A curated list of research, applications, tutorials, and software built using the H2O open-source machine learning platform.
Awesome H2O is a curated directory of resources, projects, and research built using the H2O machine learning platform. It aggregates community-generated content like tutorials, academic papers, software, and courses to demonstrate H2O's real-world applications and ecosystem. The project helps users discover how H2O is applied across industries and learning contexts.
Data scientists, machine learning practitioners, researchers, and educators who use or are evaluating the H2O platform and want to explore its capabilities through community examples and resources.
It provides a centralized, community-vetted collection of H2O-related content, saving users time in discovering use cases, learning materials, and tools. Unlike generic ML resource lists, it focuses specifically on the H2O ecosystem, offering practical insights and inspiration directly tied to the platform.
A curated list of research, applications and projects built using the H2O Machine Learning platform
Open-Awesome is built by the community, for the community. Submit a project, suggest an awesome list, or help improve the catalog on GitHub.

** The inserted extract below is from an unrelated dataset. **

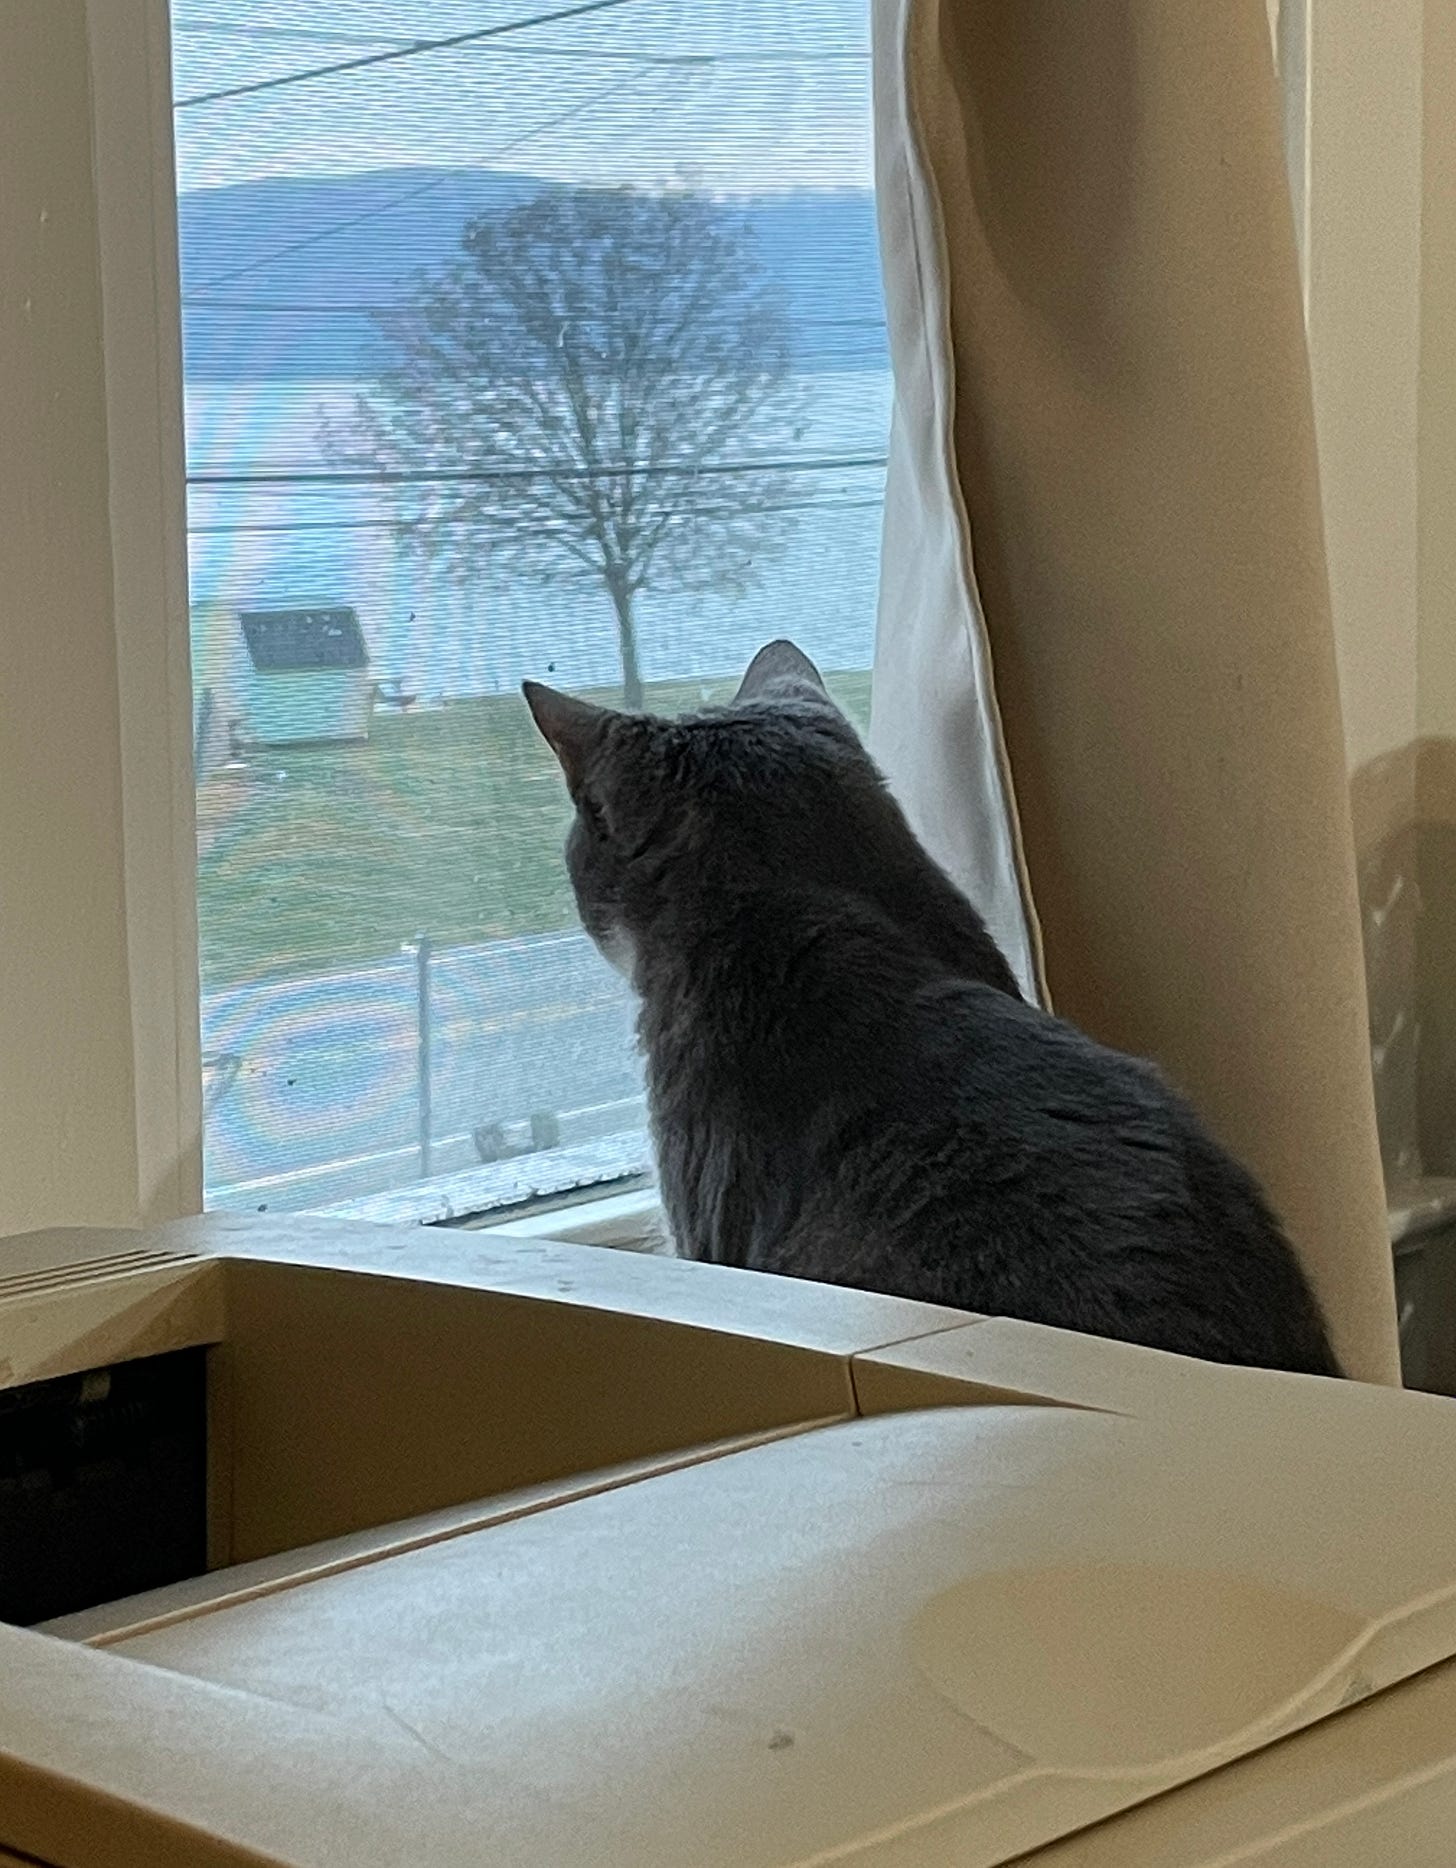 A cat looking out the window at the river.

Aggregates diverse community content like blog posts, tutorials, and research papers in one place, saving users time from scouring multiple sources. The README organizes resources into clear categories such as Books, Courses, and Software.

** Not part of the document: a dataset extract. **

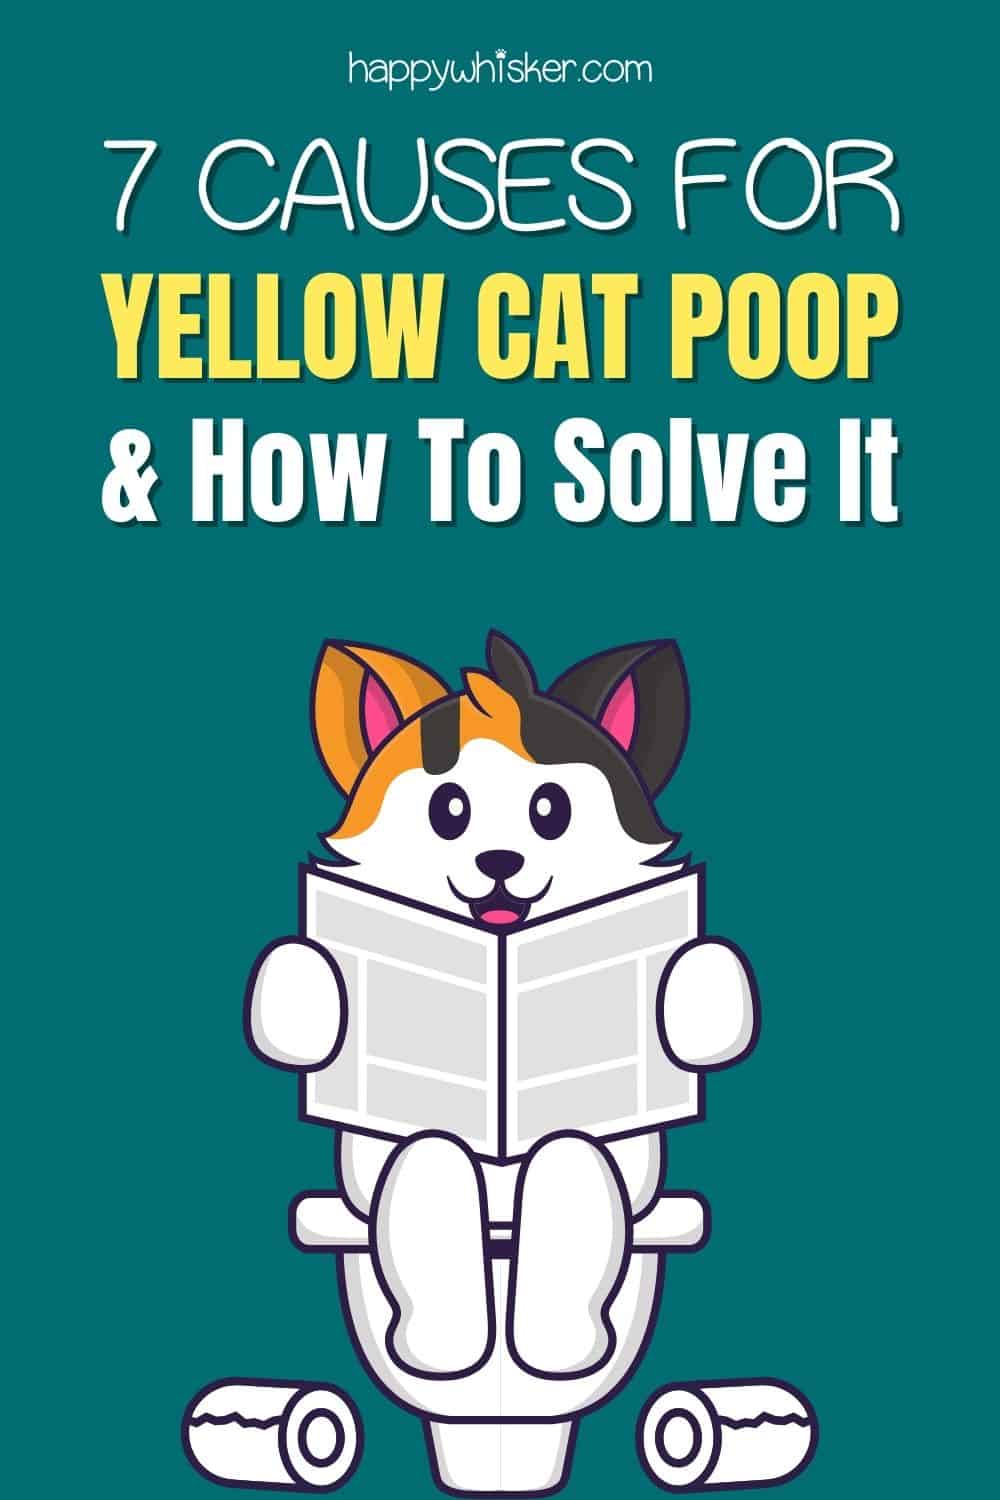 7 Causes For Yellow Cat Poop & How To Solve It Pinterest

Showcases practical H2O implementations across domains like healthcare, finance, and environmental science, providing inspiration and proof of concept. Examples include predicting employee churn and water quality using AutoML.
Includes university courses, presentations, and benchmarks to facilitate learning and comparative analysis. The Courses section lists offerings from institutions like UCLA and the University of Oslo.

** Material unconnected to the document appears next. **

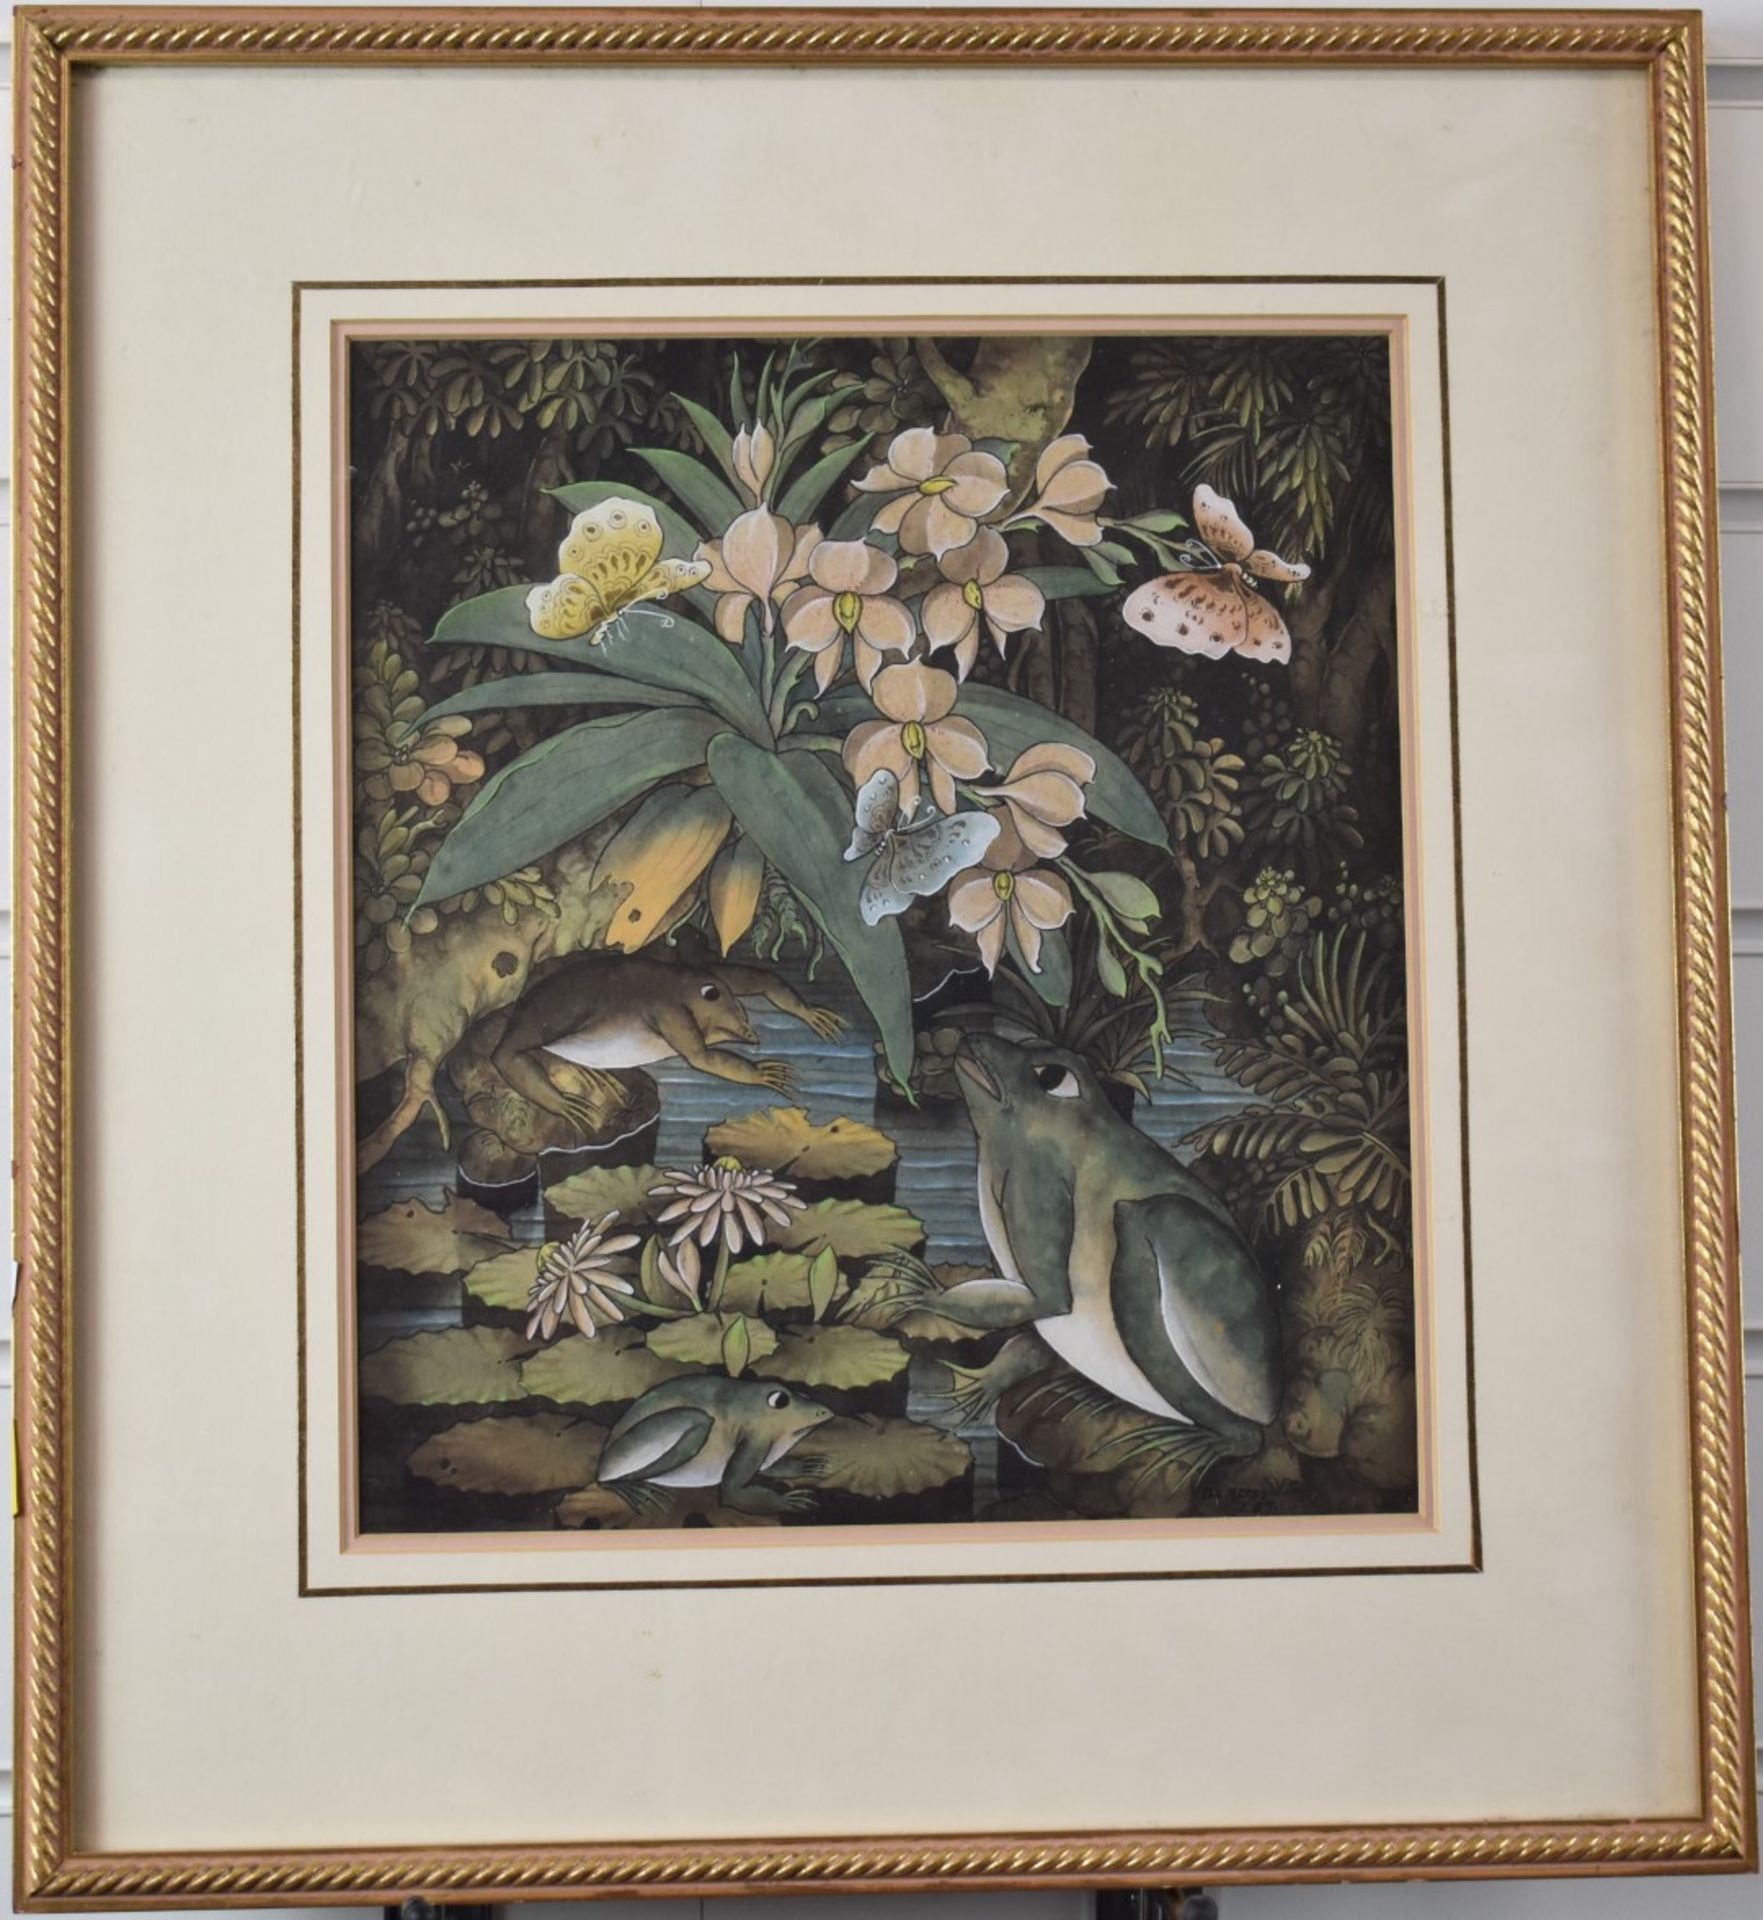 Watercolour of frogs, butterflies and flowers, signed lower right possibly I W Meres and dated 87, - Image 2 of 4

Highlights tools and extensions built on H2O, such as the modeltime.h2o R package for forecasting and splash for MOJO file interfaces, demonstrating community-driven innovation.
The list relies on community contributions and may not be regularly updated, leading to broken links or stale resources. The README admits 'we are just getting started,' indicating possible gaps.
While curated, there's no explicit vetting for accuracy or relevance, risking inclusion of low-quality or obsolete content. Users must self-assess the value of each linked resource.
Missing search, filtering, or rating systems makes it difficult to find specific or high-quality content efficiently, relying solely on manual browsing of the markdown list.